A positive attitude is important before, during, and after a conference with the teacher. Children can pick up negative attitudes and if a child thinks the parent disapproves of or doesn't respect a teacher, the child will think such an attitude is acceptable, which will just make any existing problems worse and more difficult to resolve. Leave your anger at home since it can make you look irrational and cause the teacher to become defensive, neither of which will help your child.


Avoid the Words "Bored" and "Gifted"

Few things can upset a teacher more than telling her that your child is bored in her classroom. Most teachers don't purposely set out to create dull lessons; they usually work hard to create lessons that will be fun and interesting.

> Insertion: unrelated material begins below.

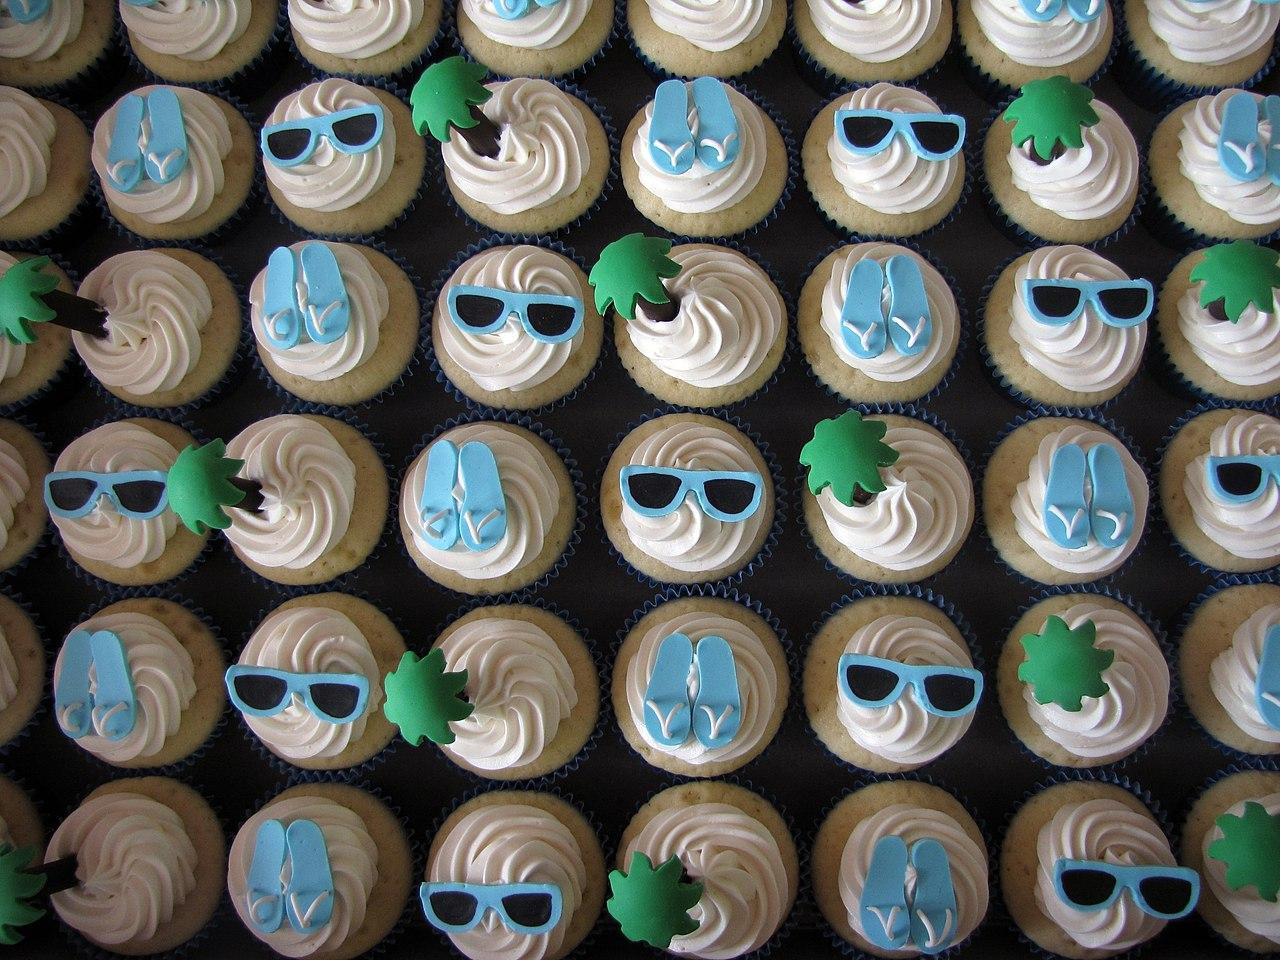 FileBeach Themed Bridal Shower Cupcakes 4701422476jpg

The word "gifted" makes some teachers feel they are talking with one more pushy parent. Instead, talk about learning styles. You can point out, for example, that your child learns best when given challenging work.

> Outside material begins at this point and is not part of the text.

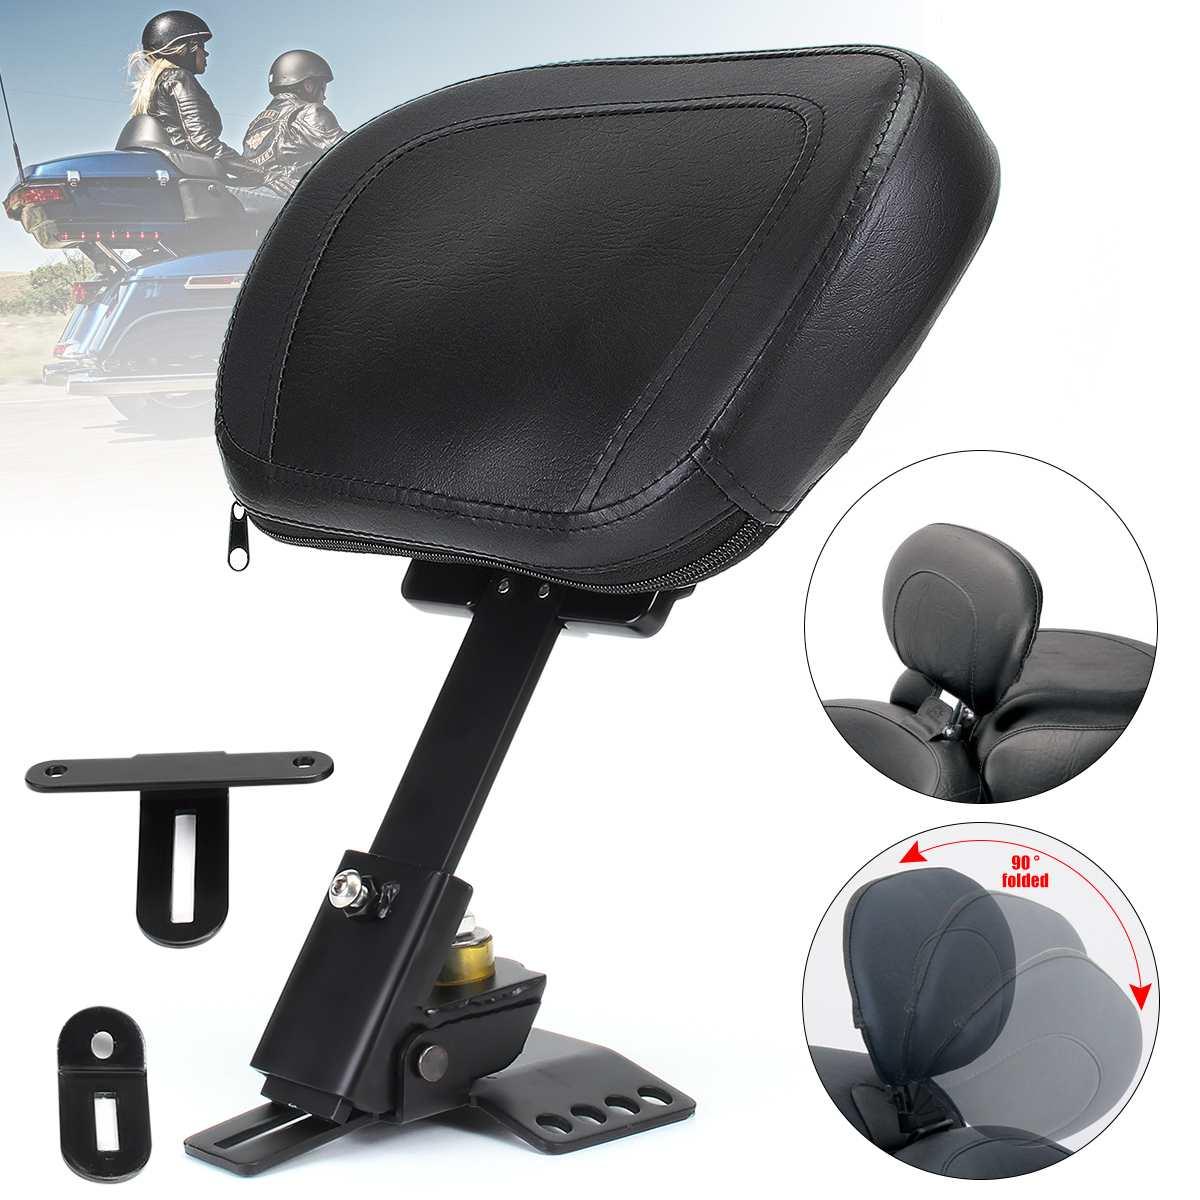 Adjustable Motorcycle Driver Rider Leather Seat Cushion Backrest Black For Harley Davidson-Road/Street/Electra Glide 1988-2016

Keep the Focus on Your Child

Teachers have more than one child to worry about and so they may respond to your concerns by pointing out what other children need. You can say that while you appreciate their concern for all the children, you are there to discuss your child. For example, a teacher may say that it would not be fair to the other children to give your child special work. Let her know that you appreciate the fact that she is concerned about the other children, but your concern is what is fair to your child.


Ask for Clarifications

Most teachers are trained to focus on deficits — academic, emotional, and social. Consequently, a teacher may point out where she thinks your child needs improvement. For example, she may tell you that your child is too immature to handle more challenging work. Ask what makes her think your child is immature and ask for examples of immature behavior. Also, ask if other children behave in similar ways. It may be that the behavior is fairly typical for that age group.


Develop a Plan of Action

Work with the teacher to develop specific steps that you will both take to help resolve the issue. Few school issues can be handled at school alone. For example, if your child isn't turning in his homework and you are asking he be given more challenging work, you might agree to set a specific time for homework and agree to check it while the teacher might agree to try giving him more advanced work.


Send a Thank You Note

Within a day or two after the meeting, send the teacher a note thanking her for meeting with you. List the steps that you and the teacher agreed to take to address your concerns. This note serves not only as a thank you but also as a way to outline your understanding of the steps you will both take or of any other outcome of the meeting. If there are any misunderstandings, they can be resolved before they cause problems.